Número do processo: 0032233-65.2015.8.26.0506

Ano do processo: 2015

Número do parecer: 16

Ano do parecer: 2017

Parecer

PODER JUDICIÁRIO

TRIBUNAL DE JUSTIÇA DO ESTADO DE SÃO PAULO

CORREGEDORIA GERAL DA JUSTIÇA

Processo CG n° 0032233-65.2015.8.26.0506

(16/2017-E)

Registro de Imóveis – Pedido de expedição de certidão em que conste que determinado imóvel não é atingido pelas restrições impostas pelos loteadores – Recusa por parte do registrador – Decisão proferida pelo MM. Juiz Corregedor Permanente que confirma esse entendimento – Recurso administrativo interposto pela parte que requereu o documento – Certidão que, por definição, tem apenas a função de retratar o que consta no arquivo da serventia imobiliária – Questão a ser certificada que é controvertida e cuja solução se debate em ação civil pública – Impossibilidade de expedição da certidão – Parecer pelo não provimento do recurso.

Trata-se de recurso administrativo interposto por Juvi Incorporadora Imobiliária SPE Ltda. contra a sentença de fls. 91/92, que indeferiu o pedido de expedição de certidão pelo 1º Registro de Imóveis de Ribeirão Preto, em cujo bojo conste que o imóvel objeto da transcrição n° 65.407 do Livro 3-AU não é atingido pelas restrições impostas pelos proprietários, por ocasião do registro especial do loteamento Jardim Recreio.

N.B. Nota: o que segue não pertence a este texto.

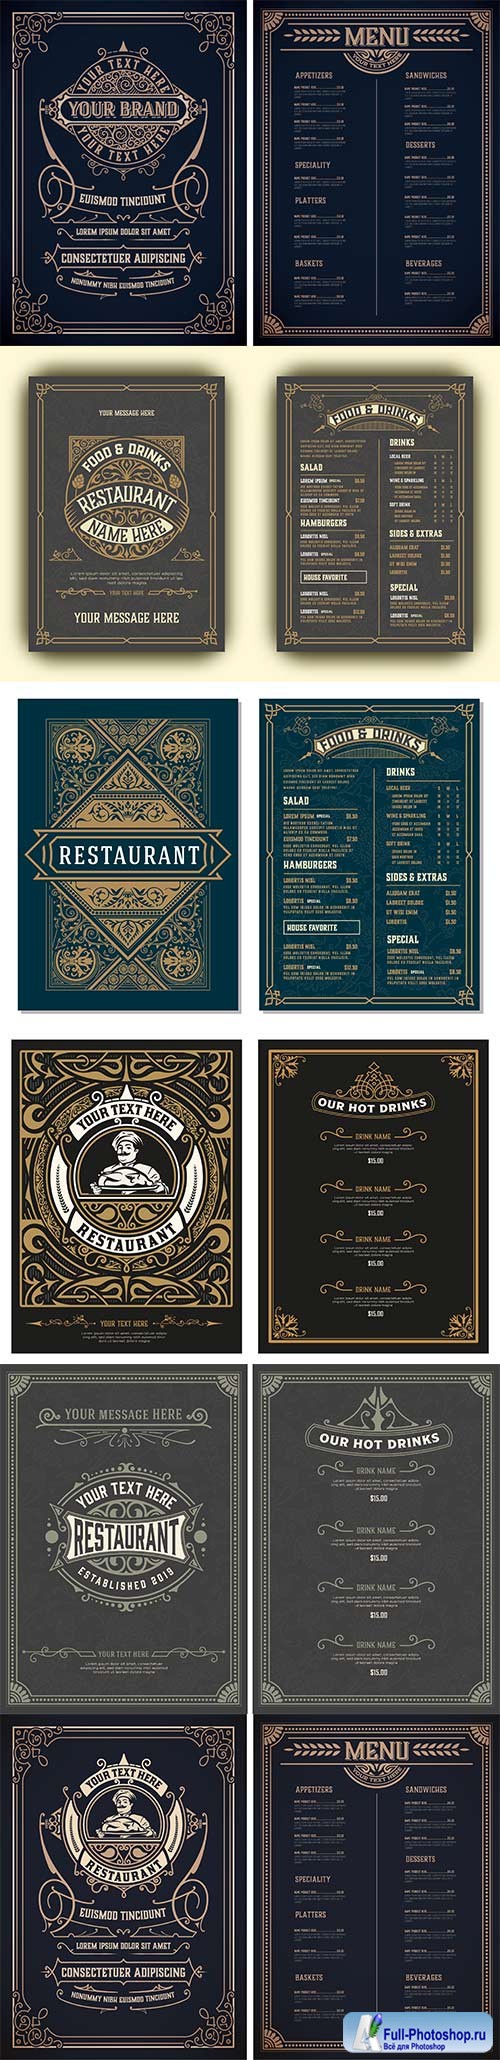 Vintage template for restaurant menu design with Chef

Sustenta a recorrente, em síntese: a) que o registrador tem obrigação de lançar por averbação as restrições convencionais nas matrículas atingidas; b) e que a certidão recusada se enquadra como certidão em relatório, prevista no artigo 19 da Lei n° 6.105/73. Pede, assim, o provimento do recurso, com a consequente expedição da certidão (fls. 132/138).

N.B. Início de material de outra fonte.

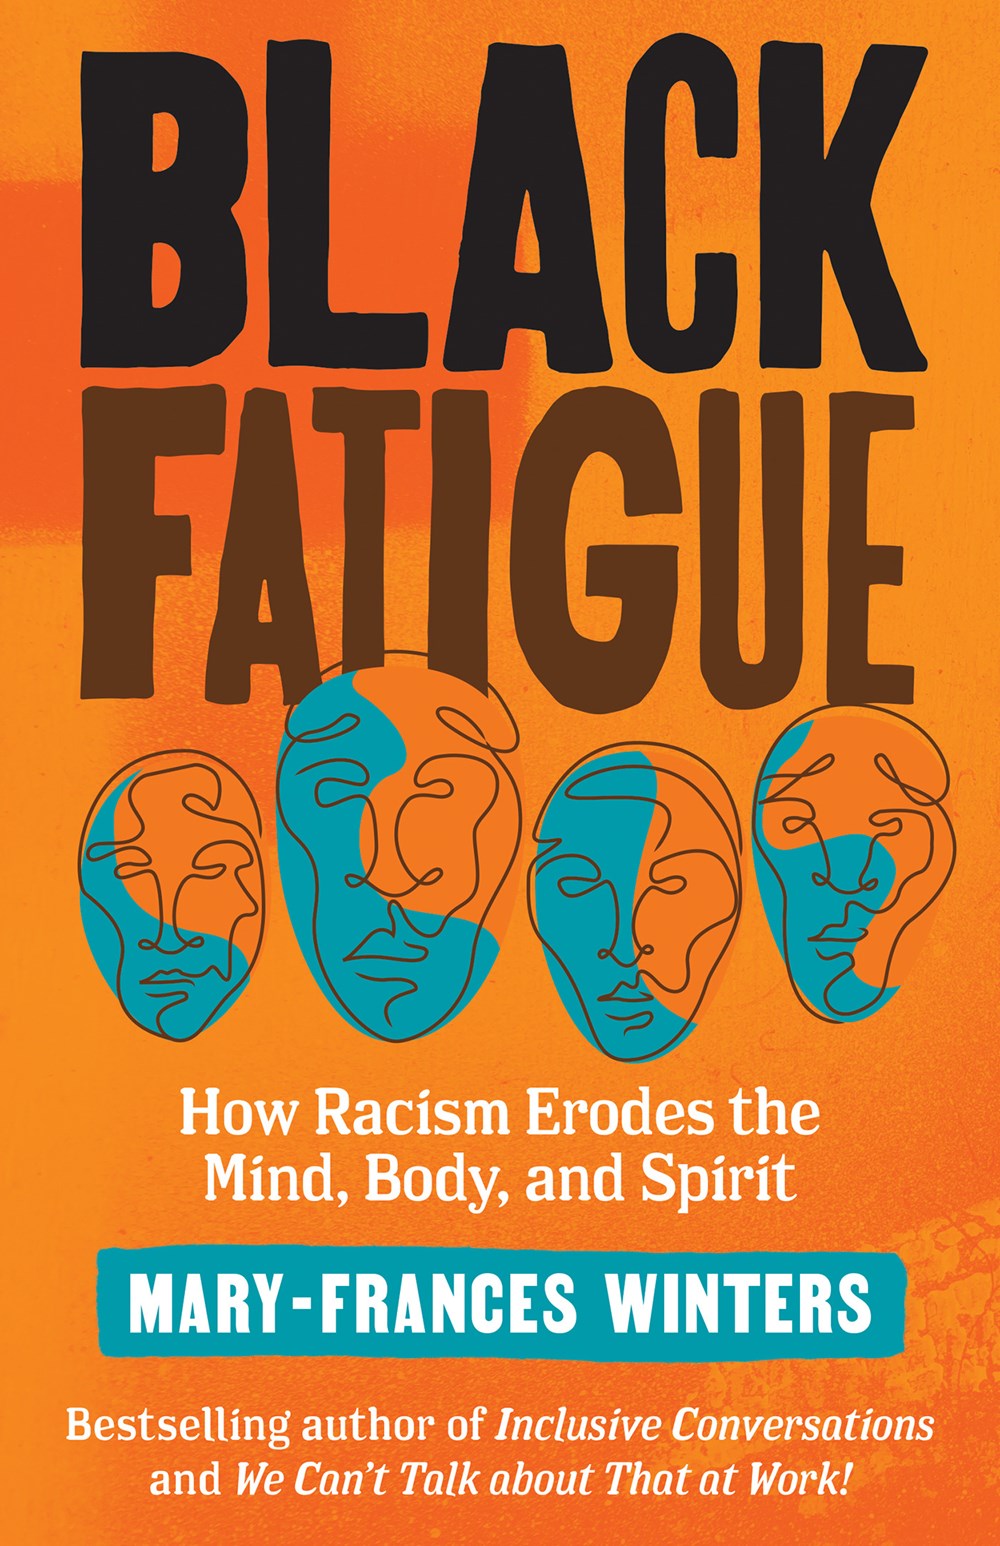 Black Fatigue : How Racism Erodes the Mind, Body, and Spirit

A Procuradoria de Justiça opinou pelo desprovimento do recurso (fls. 194/197).

É o relatório.

Inicialmente, cabe esclarecer que, ao contrário do alegado pelo recorrente, não há obrigação de se averbar eventuais restrições convencionais em cada uma das matrículas de um determinado loteamento.

O item 191 do Capítulo XX, das NSCGJ deixa claro que esse tipo de restrição deve constar unicamente no registro do loteamento, que é feito em livro próprio (artigo 20 da Lei n° 6.766/79), e não em cada uma das matrículas que dele façam parte:

191. Todas as restrições presentes no loteamento, impostas pelo loteador ou pelo Poder Público serão mencionadas no registro do loteamento. Não caberá ao oficial, porém, fiscalizar sua observância.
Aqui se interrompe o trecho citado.